Japanese automakers have been global leaders in automotive technology for decades, but the transition to electric vehicles (EVs) has revealed significant gaps. In 2022, Japanese cars accounted for less than 5% of battery-electric vehicle (BEV) sales worldwide.
This starkly contrasts with the rapid advancements made by Chinese and American manufacturers, particularly Tesla and BYD, who dominate the global EV market.
But why? Japan used to be the global leader in battery powered vehicles.
Well, there are several factors:
Hybrid Focus: Yes, Japan was really a early leader in the beginning of EVs, hybrid vehichles, with cars like the Toyota’s Prius leading the market. But hybrids are very different from EVs, and this focus has delayed the full transition.
Government Policies: Japanese subsidies have historically supported hybrids and hydrogen fuel-cell vehicles (Japan is the biggest proponent in the world of this largely obscure technology) over BEVs, and that is still the case. This contrasts with the aggressive EV subsidy policies in China and the US, which have accelerated EV adoption in those regions.
Supply Chain and Infrastructure: Japan has an immensely efficient supply chain for hybrid and gas vehicles. However, as a conservative country, both the private sector and the government are hesitant to develop Japan’s EV supply chain until there is more widespread adoption. Unfortunately, this adoption is unlikely to occur without an already developed supply chain. It's a classic case of "which came first, the chicken or the egg."

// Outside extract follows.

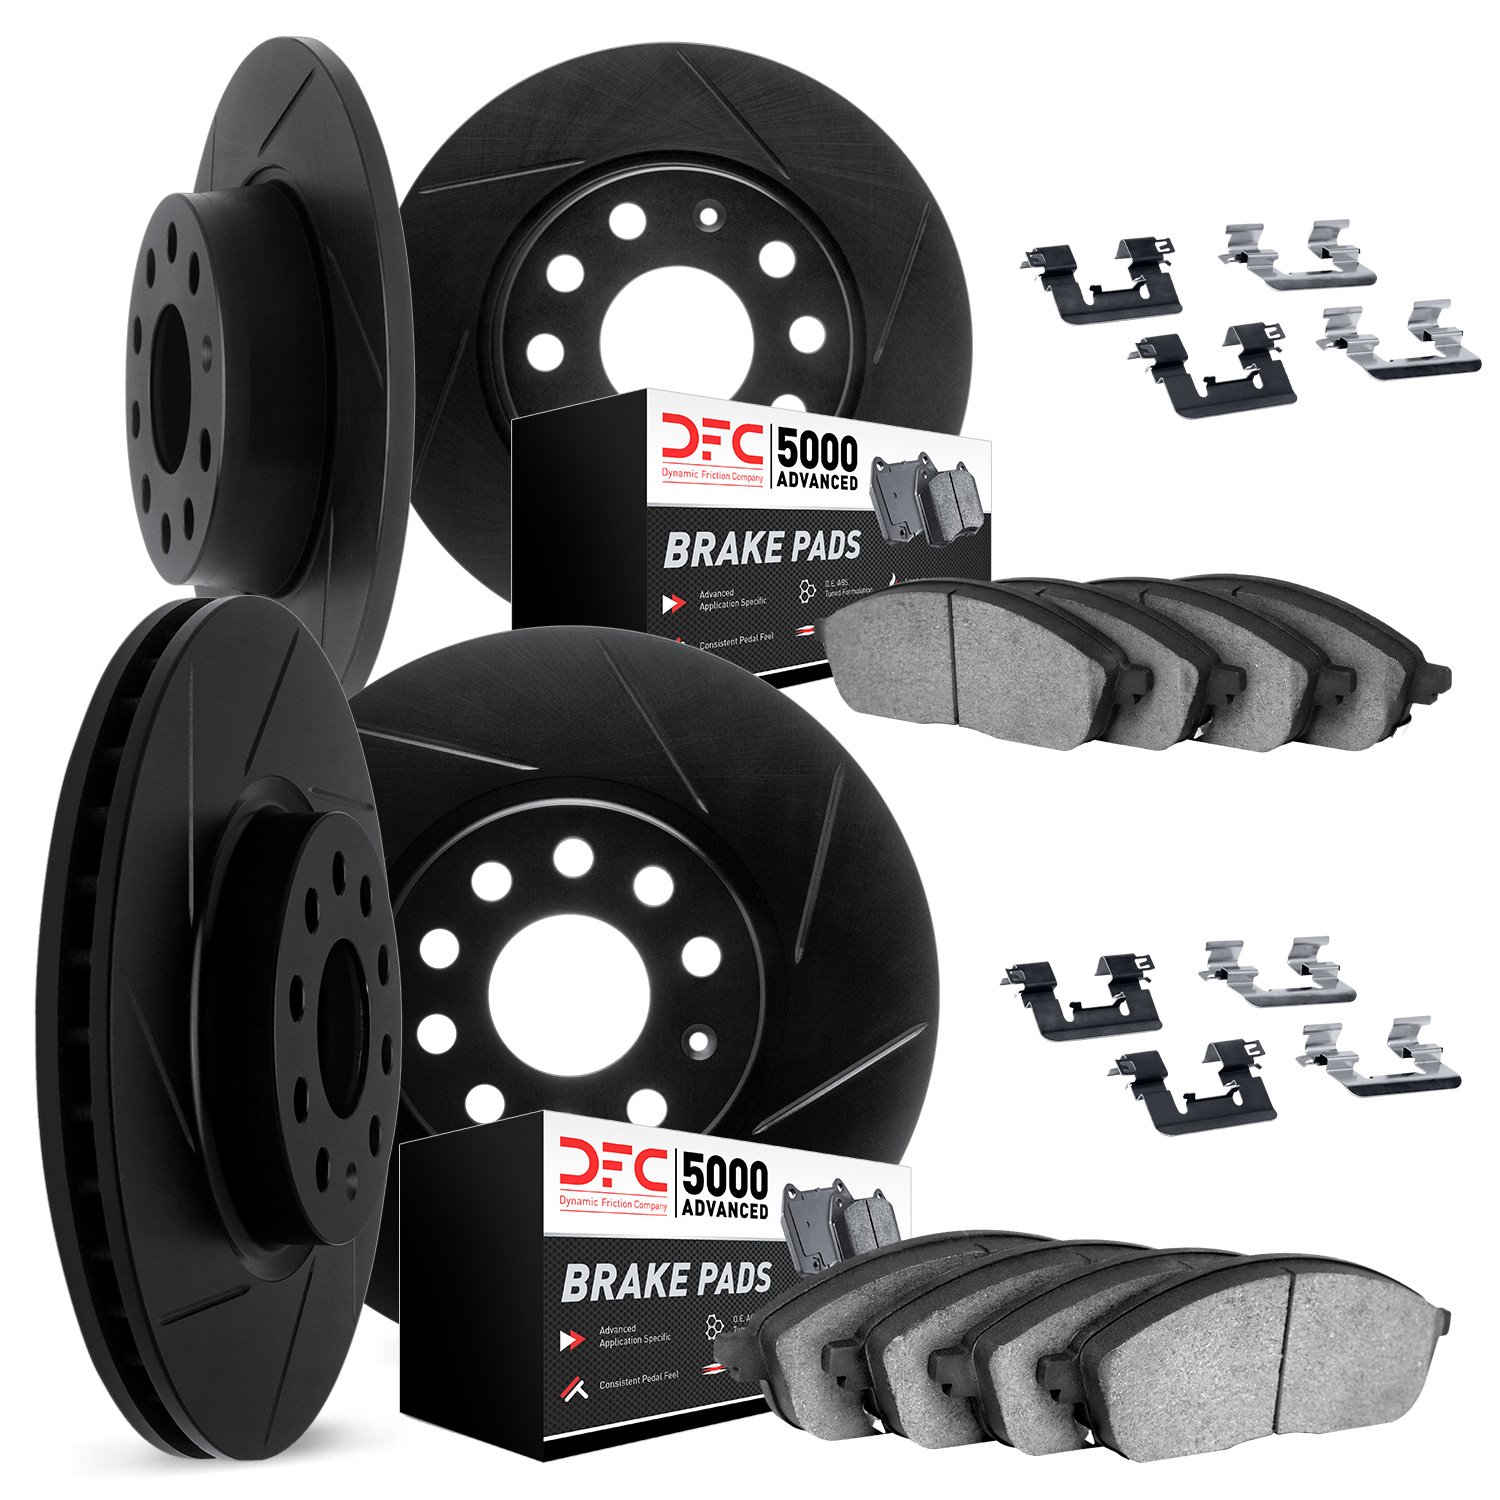 3514-80036 Slotted Brake Rotors w/5000 Advanced Brake Pads Kit & Hardware [Black], 2013-2015 Ford/Lincoln/Mercury/Mazda, Positio
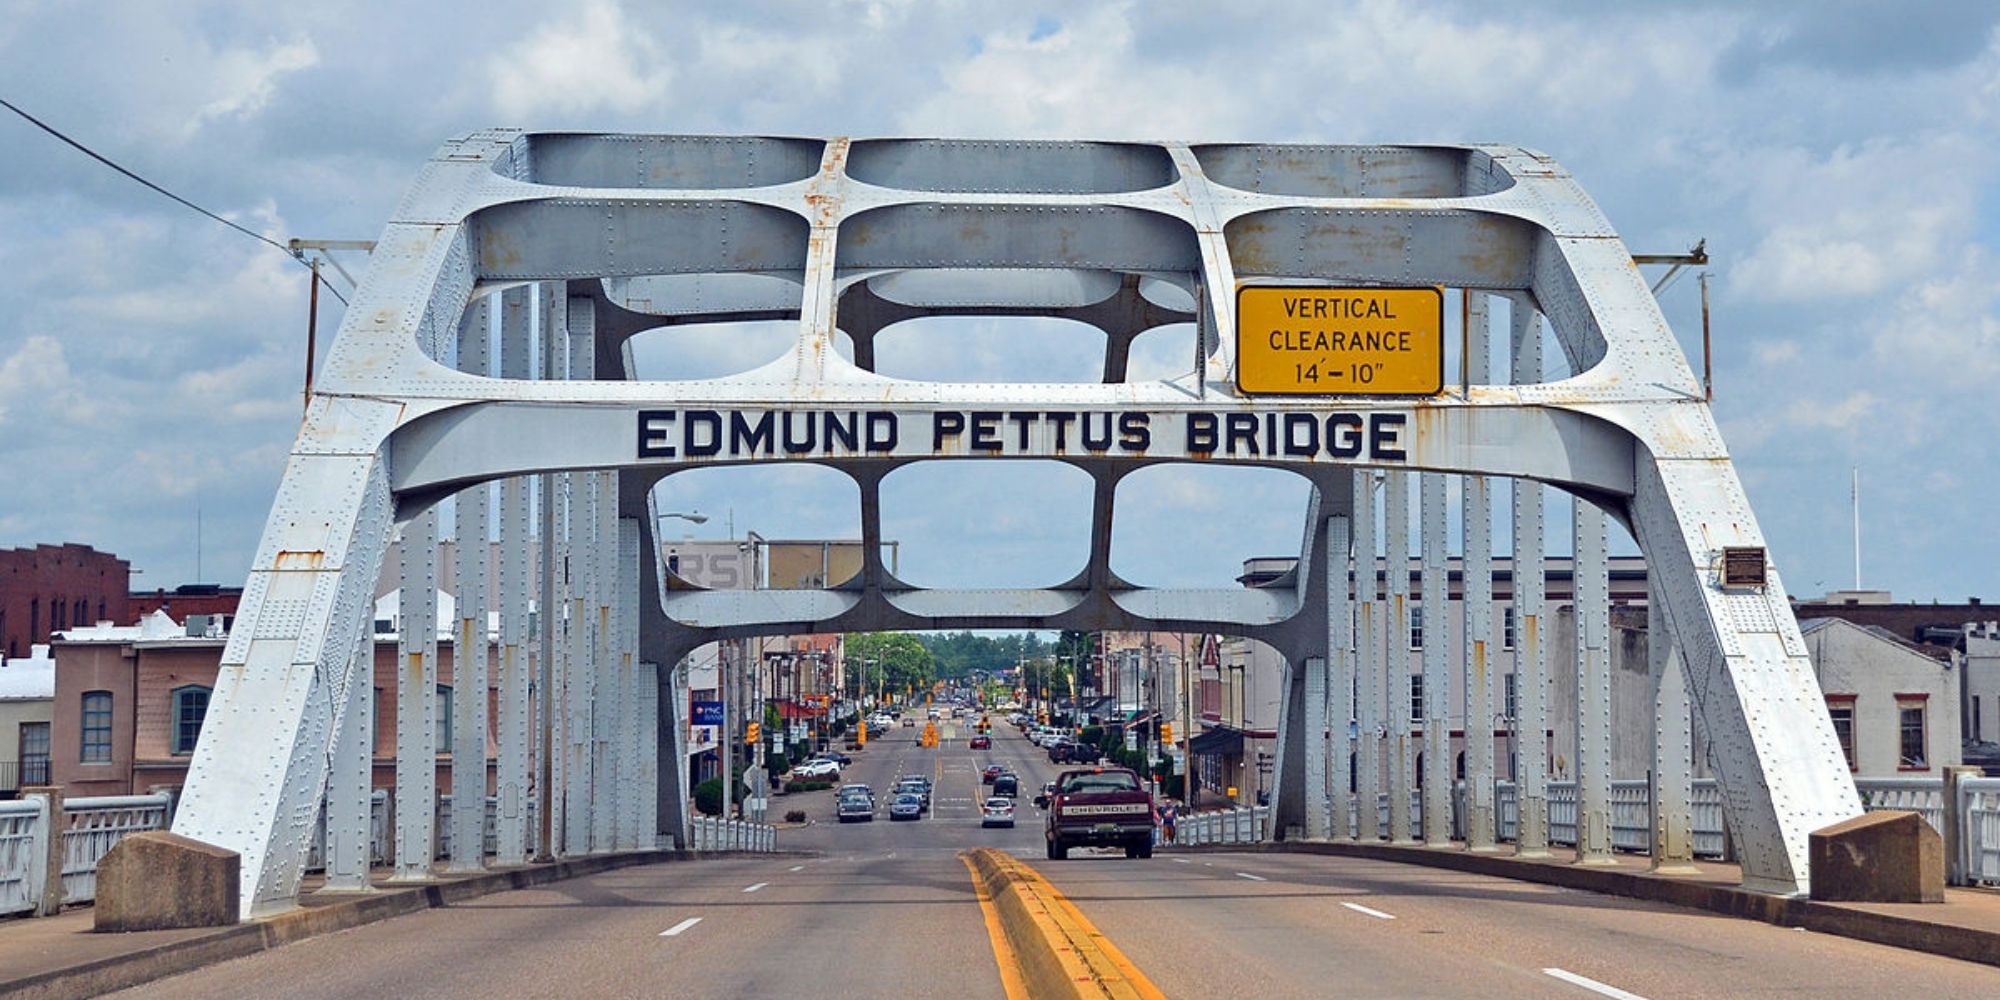 Photo credit: Edmund Pettus Bridge in Selma, Alabama. May 2015 © Clément Bardot Licensed via Creative Commons Attribution-Share Alike 4.0 Internationa

Strategic Moves to Catch Up
Despite these challenges, Japanese automakers are making significant strategic moves to catch up in the EV race. The Japanese government has also recognized the strategic importance of the EV industry and is providing substantial support. (Diamond | What happens if EVs stall?)
Toyota's Expansion

Despite Toyota’s so-far lackluster EV lineup, the company is leading the charge in Japan with aggressive expansion in its battery production capabilities. Toyota's efforts are expected to secure around ¥120 billion in subsidies for FY2024, underscoring its dominant position in the industry.
Main EV efforts:
PPES: Prime Planet Energy & Solutions, a joint venture with Panasonic, is producing batteries at the Himeji plant in Hyogo Prefecture. This facility is a cornerstone of Toyota’s strategy to integrate battery production within its operations. By expanding this plant, Toyota aims to meet the growing demand for EV batteries and reduce its reliance on external suppliers. This move not only ensures quality control but also enhances production efficiency and cost management.
PEVE: Primearth EV Energy, another critical part of Toyota’s battery strategy, is expanding the Kosai plant in Shizuoka Prefecture. This facility focuses on producing batteries for Toyota’s expanding EV lineup. The investment in PEVE highlights Toyota’s commitment to securing a stable and high-quality battery supply, crucial for scaling up its EV production. By having a dedicated battery production line, Toyota can ensure a consistent supply of cutting-edge batteries, which is essential for maintaining its competitive edge.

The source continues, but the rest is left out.